It took two motions to dismiss all five counts against E.A. Renfroe in the Rigsby qui tam case. Apparently, dismissing Count V, allegations of retaliation against the whistle-blowers, does not require consent from the Department of Justice, unlike the Motion to Dismiss Counts I-IV:
Cori and Kerri Rigsby (the “Relators”), by and through their counsel, and, pursuant to Federal Rule of Civil Procedure 41(a)(2), move to voluntarily dismiss Counts I through IV of their Amended Complaint as to E.A. Renfroe & Company, Inc., Gene Renfroe, and Jana Renfroe (the “Renfroe Defendants”)…
The dismissal of these Counts against the Renfroe Defendants is in the best interests of justice and judicial economy. Specifically, Relators and the Renfroe Defendants have mutually agreed and request that (a) the Court, upon the United States’ consent, dismiss with prejudice as to Relators and without prejudice as to the United States all claims against the Renfroe Defendants under 31 U.S.C. § 3729(a), namely Counts I through IV of the Amended Complaint, and (b) the Court order that each party shall bear its own costs and attorneys’ fees.

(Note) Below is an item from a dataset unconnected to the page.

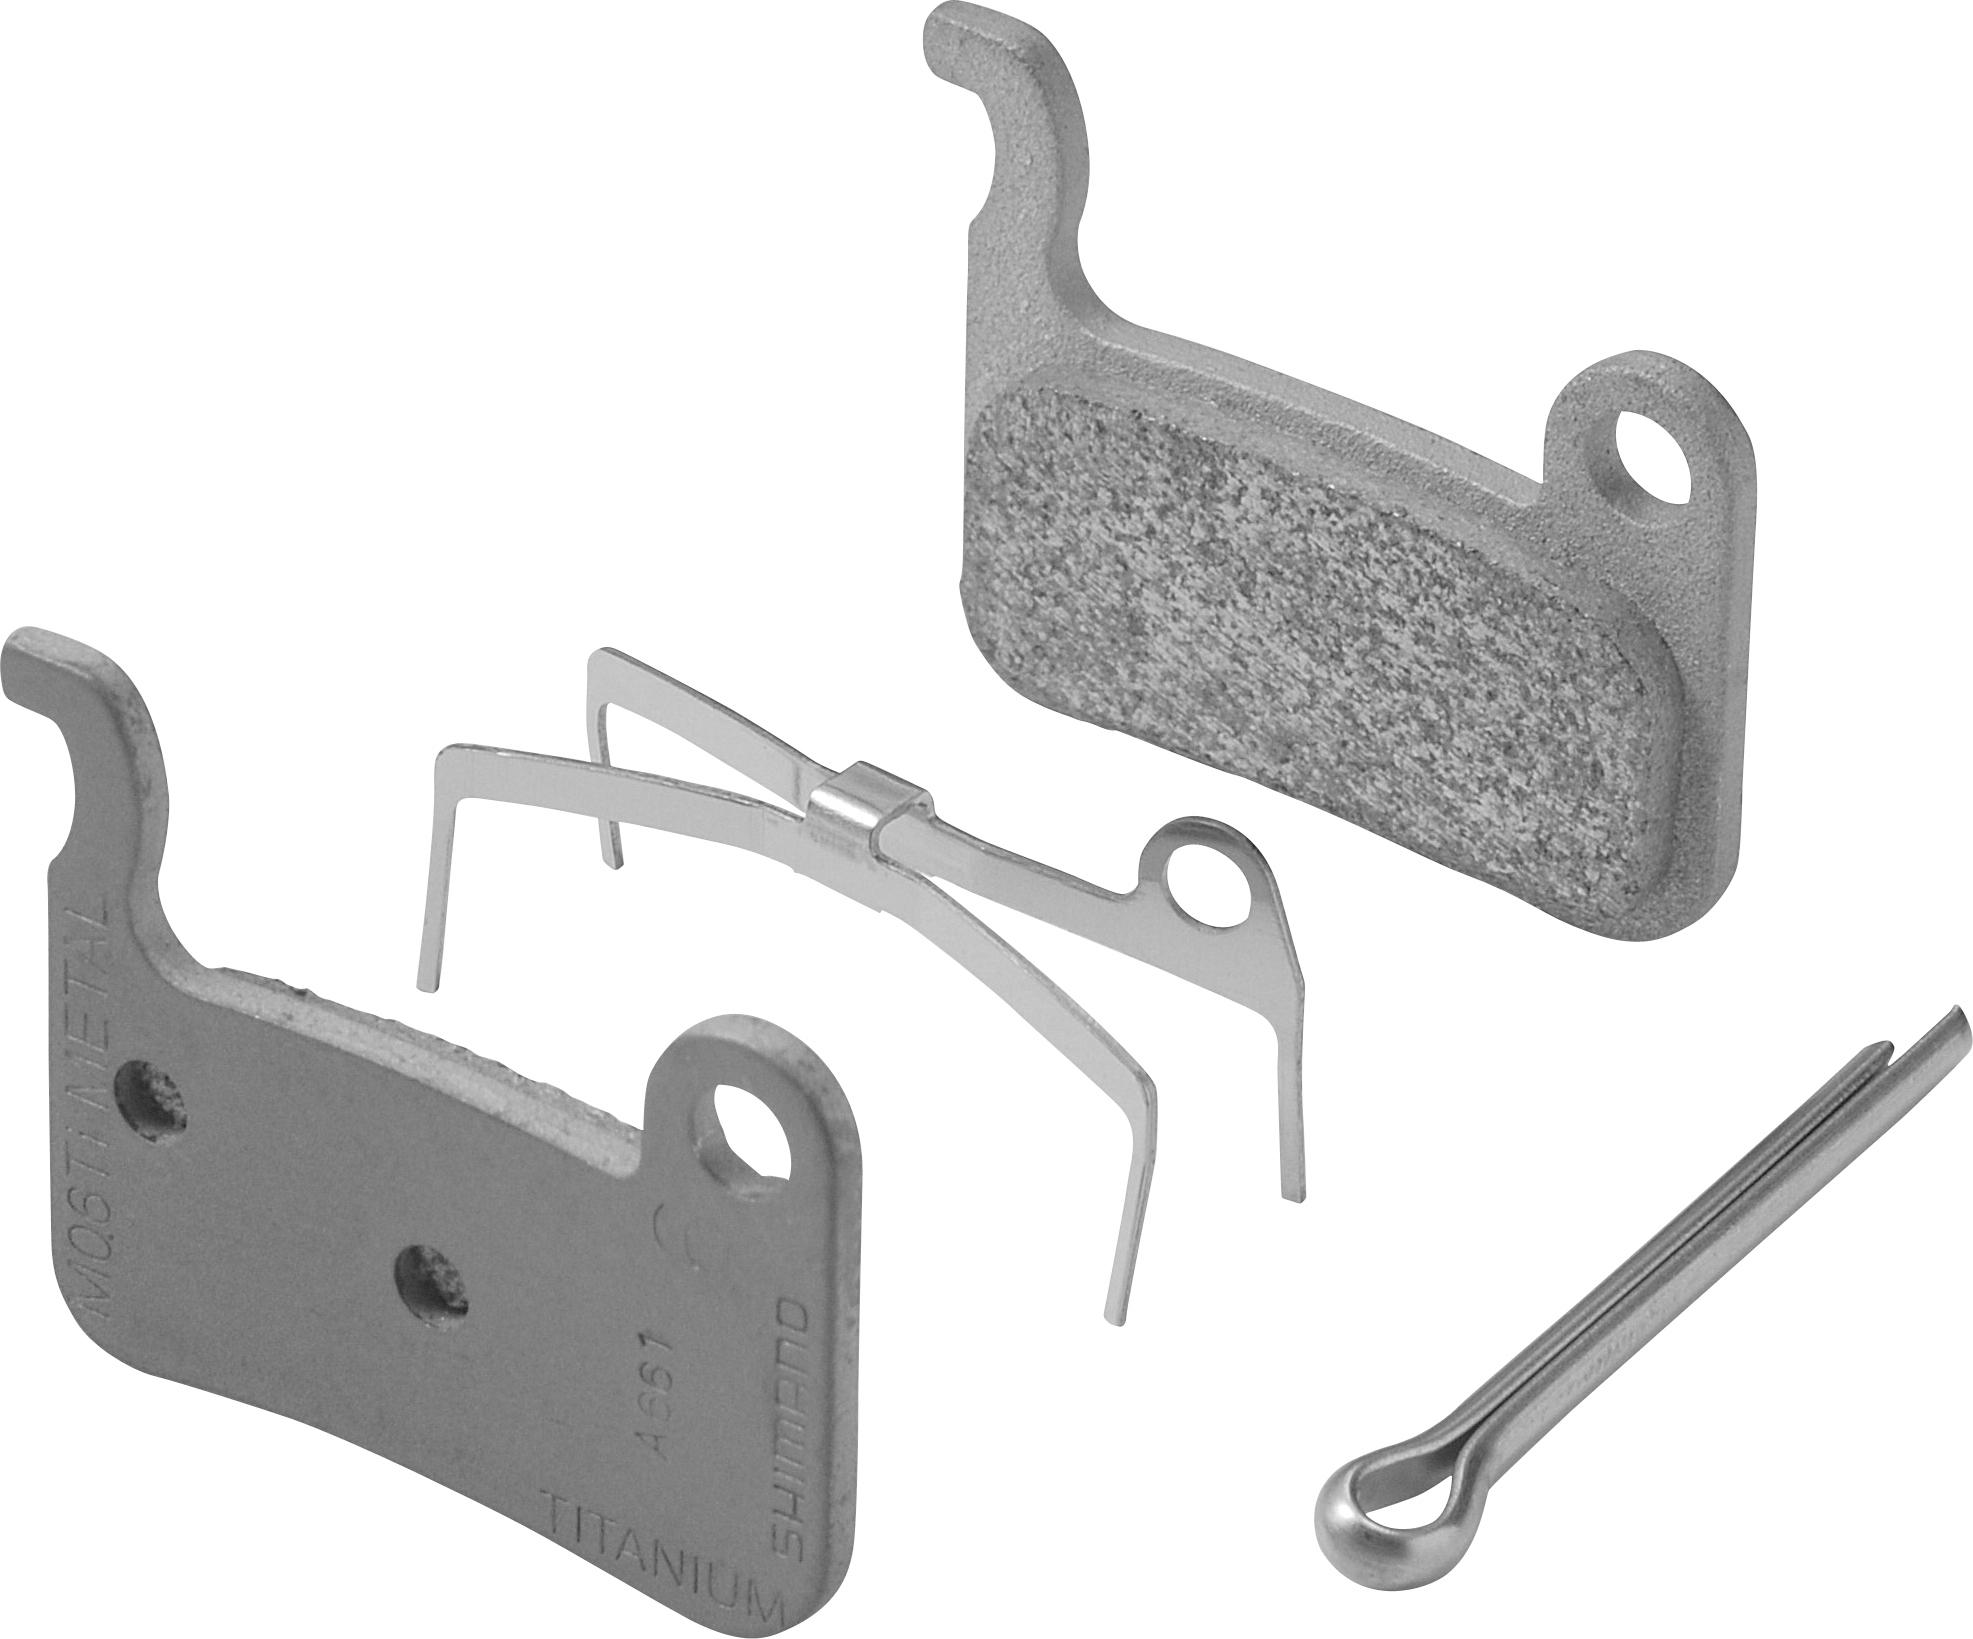 SHIMANO brzdové destičky kovové M06, pár

Relators respectfully ask the Court to waive the requirement for a separate memorandum contained in Local Rule 7.2(d), as there are no other arguments or authorities to be set forth.
If granted by Judge Senter and agreed to by the Department of Justice, the dismissal of the Renfroes and their company sends the Rigsby qui tam forward in an even stronger position against the remaining Defendants:
25 more days until the hearing – and the Rigsby sisters are taking care of business.